Re: Distributed tests take a long time, and that's ok.

Posted by Darin Johnson <db...@gmail.com>.

Being pretty familiar with that section of the code base right now.  I
think a few things could be done.  Regardless I'm refactoring it for
submodules do it'll be easier to iterate these. The main place I'd start is
currently each platform test creates a new input, which means the querier
logic is repeated for the number of platforms tested - setting up the test
inputs once, running all platforms for that test and then tearing down the
inputs would be a start.


Maybe have all tests implement an interface like:

Public interface BaseTest {


public void createInputs(...);


public boolean checkOutputs(List results);

}


The a runner could do:

BaseTest myTest=new myTest()

myTest.createInputs(...)

For(responder:responders)

{

results = responder.runDistributedTest();

If(!myTest.checkResults(results) fail();

}


If nothing else it'd make adding tests easier.

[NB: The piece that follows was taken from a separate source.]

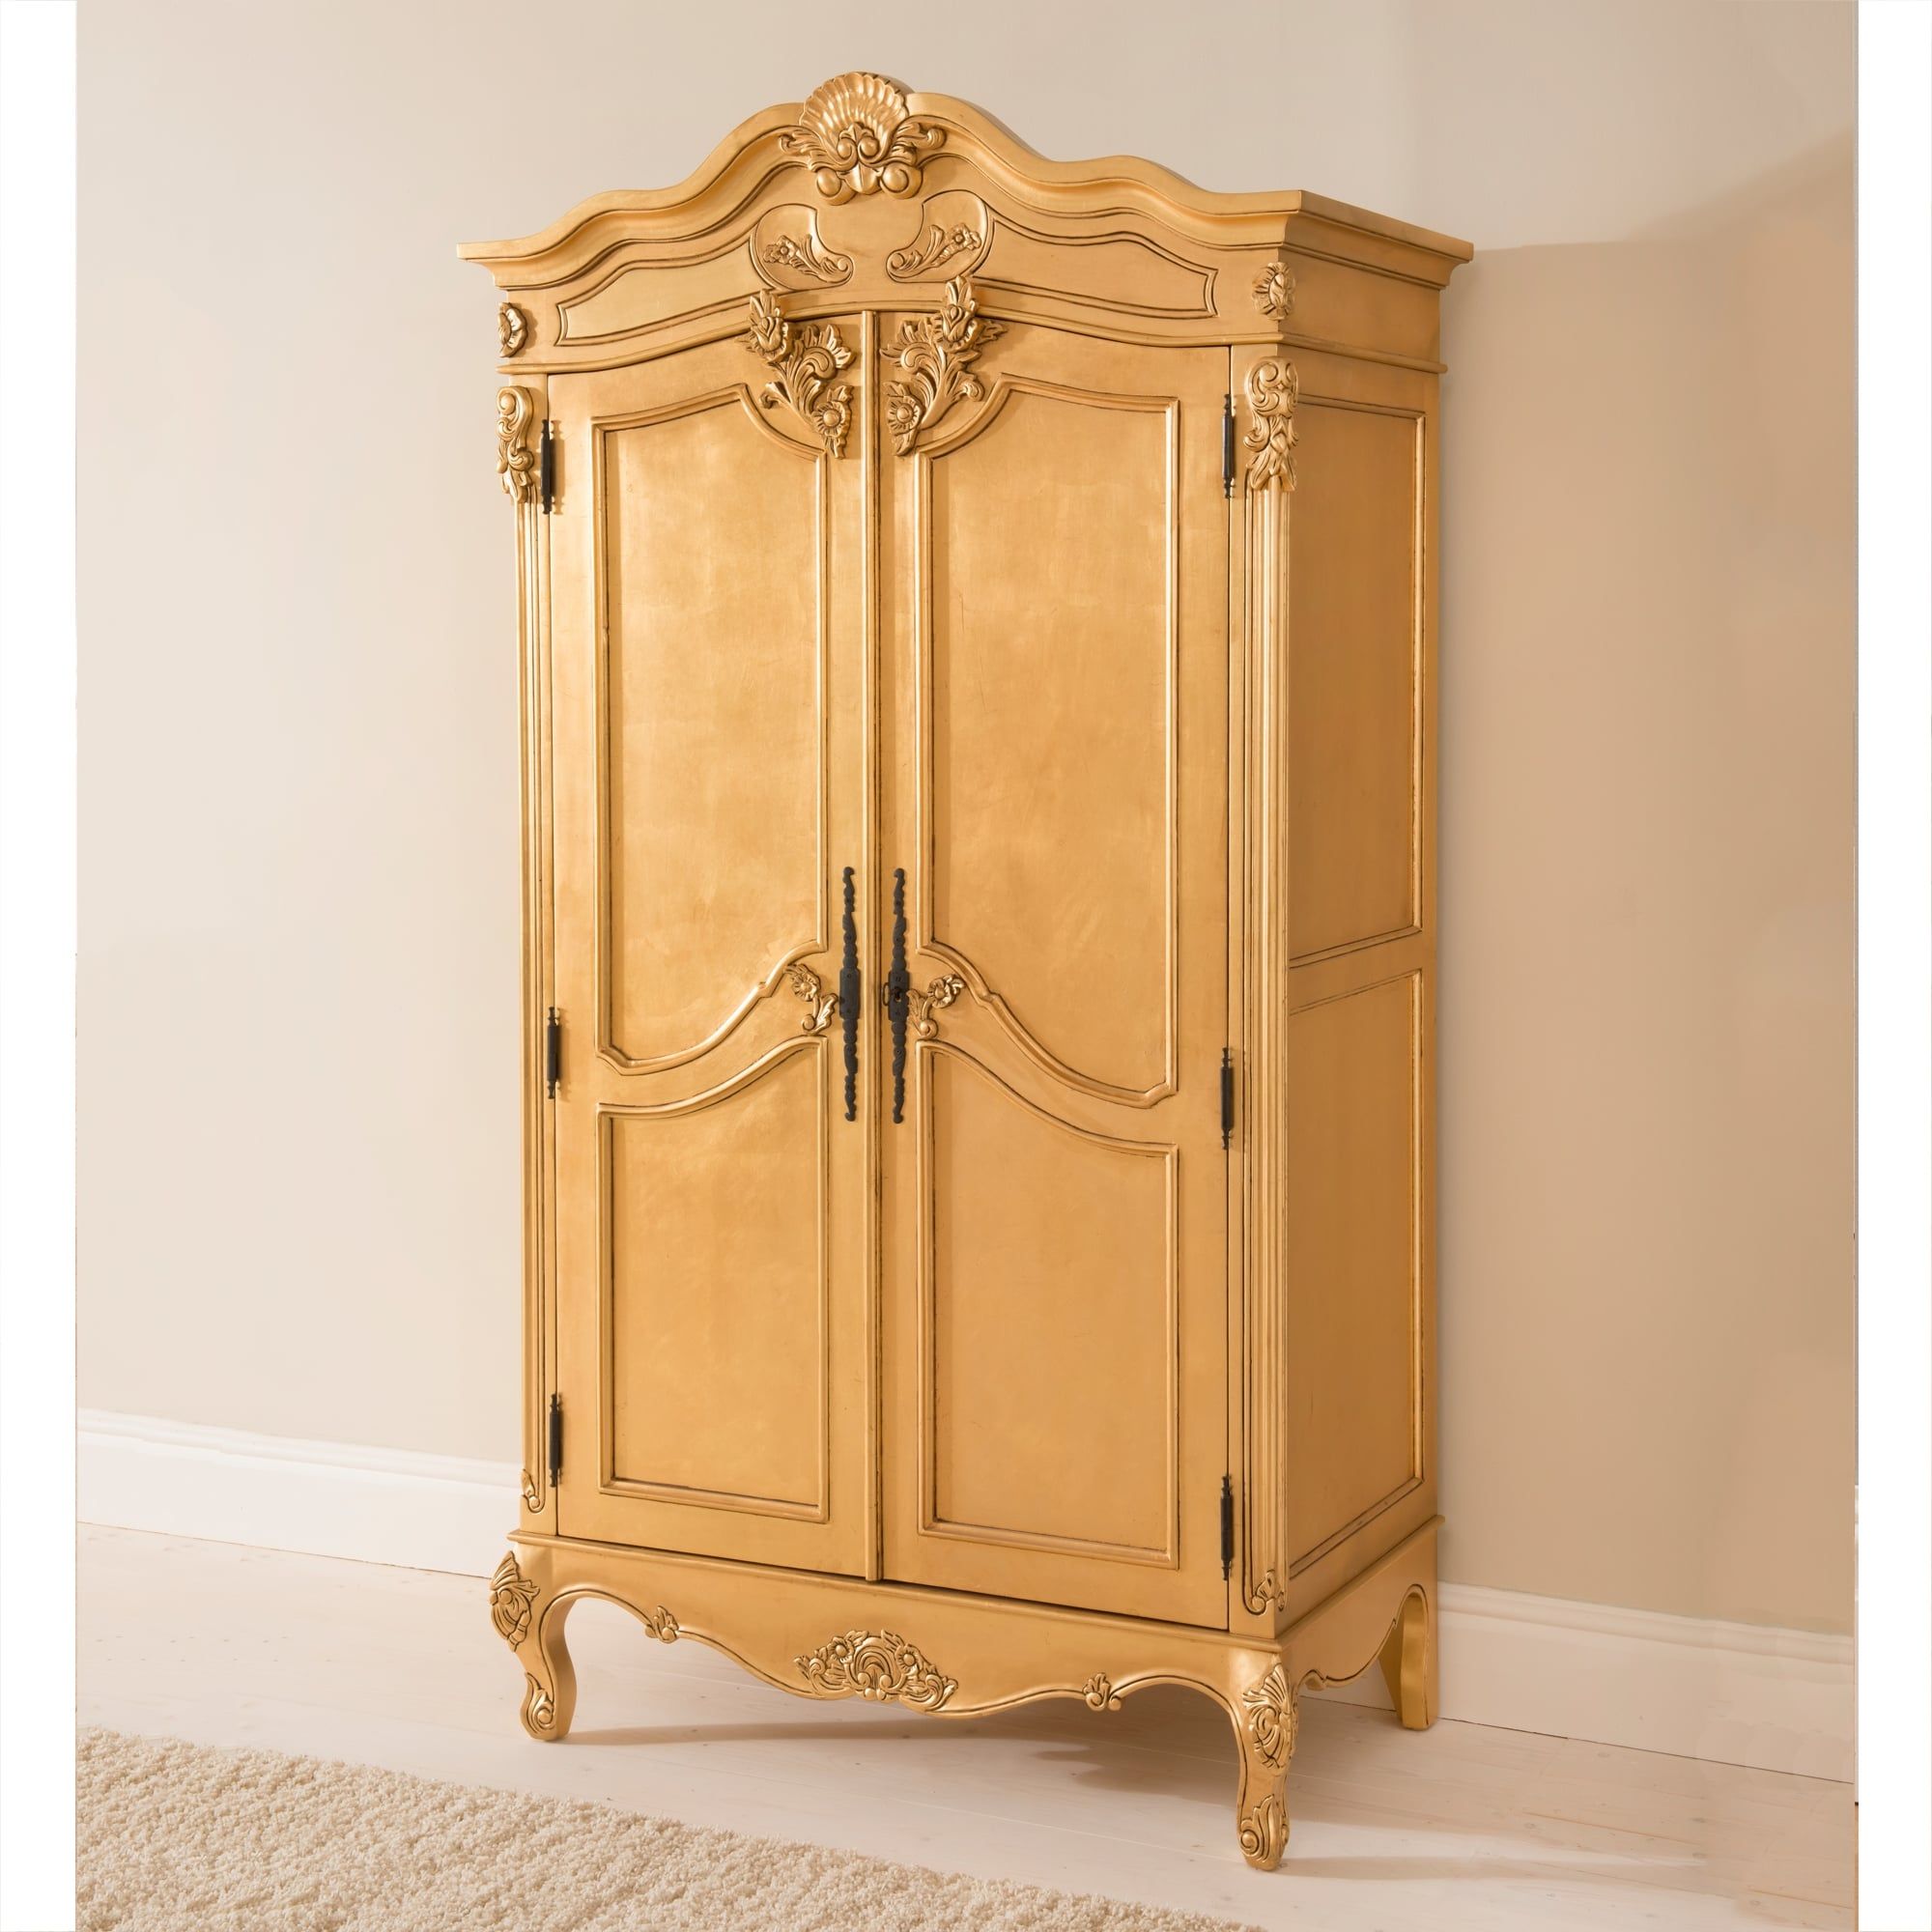 Baroque Antique French Wardrobe | Gold Leaf Furniture With Baroque Wardrobes (View 6 of 15)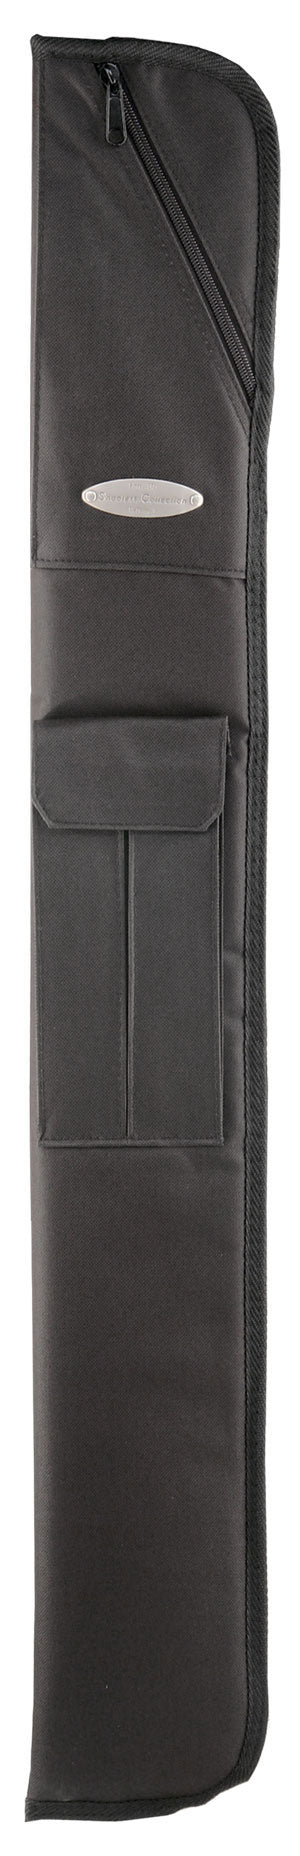 McDermott Black Soft Shooter Collection Cue Case

On Oct 6, 2016 9:33 AM, "Walter Ray-Dulany" <ra...@apache.org> wrote:

> Tim Ellison noted in a recent email to the list (subject: [CANCEL] [VOTE]:
> Apache Pirk 0.2.0-incubating Realse) the following:
>
> > The distributed tests took a long time (~35mins IIRC), is that normal?
>
> I feel like noting this in a separate thread, and discussing it here, is
> worthwhile.
>
> The distributed tests *do* take a long time. The reason isn't because any
> one test is slow; indeed, most of the individual tests take only a handful
> of seconds. The slowness is because of the very large number of tests. This
> vast array of tests, upon inspection, can be seen to be caused by a very
> thorough testing of the large number of different actions that can be
> performed by Pirk and platforms it supports.
>
> I think this is ok. As an example of why this thorough testing is
> necessary, just yesterday, while finishing up PIRK-45, I ran into an error
> 15 minutes into the distributed tests. Without this thorough testing, that
> code would have made it to a PR yesterday night, and (without the
> distributed tests) it is likely no one would have caught it (it was a
> subtle "Spark has an ancient package on its classpath pre-empting a newer
> version I'd included, and the old package has a bug" error).
>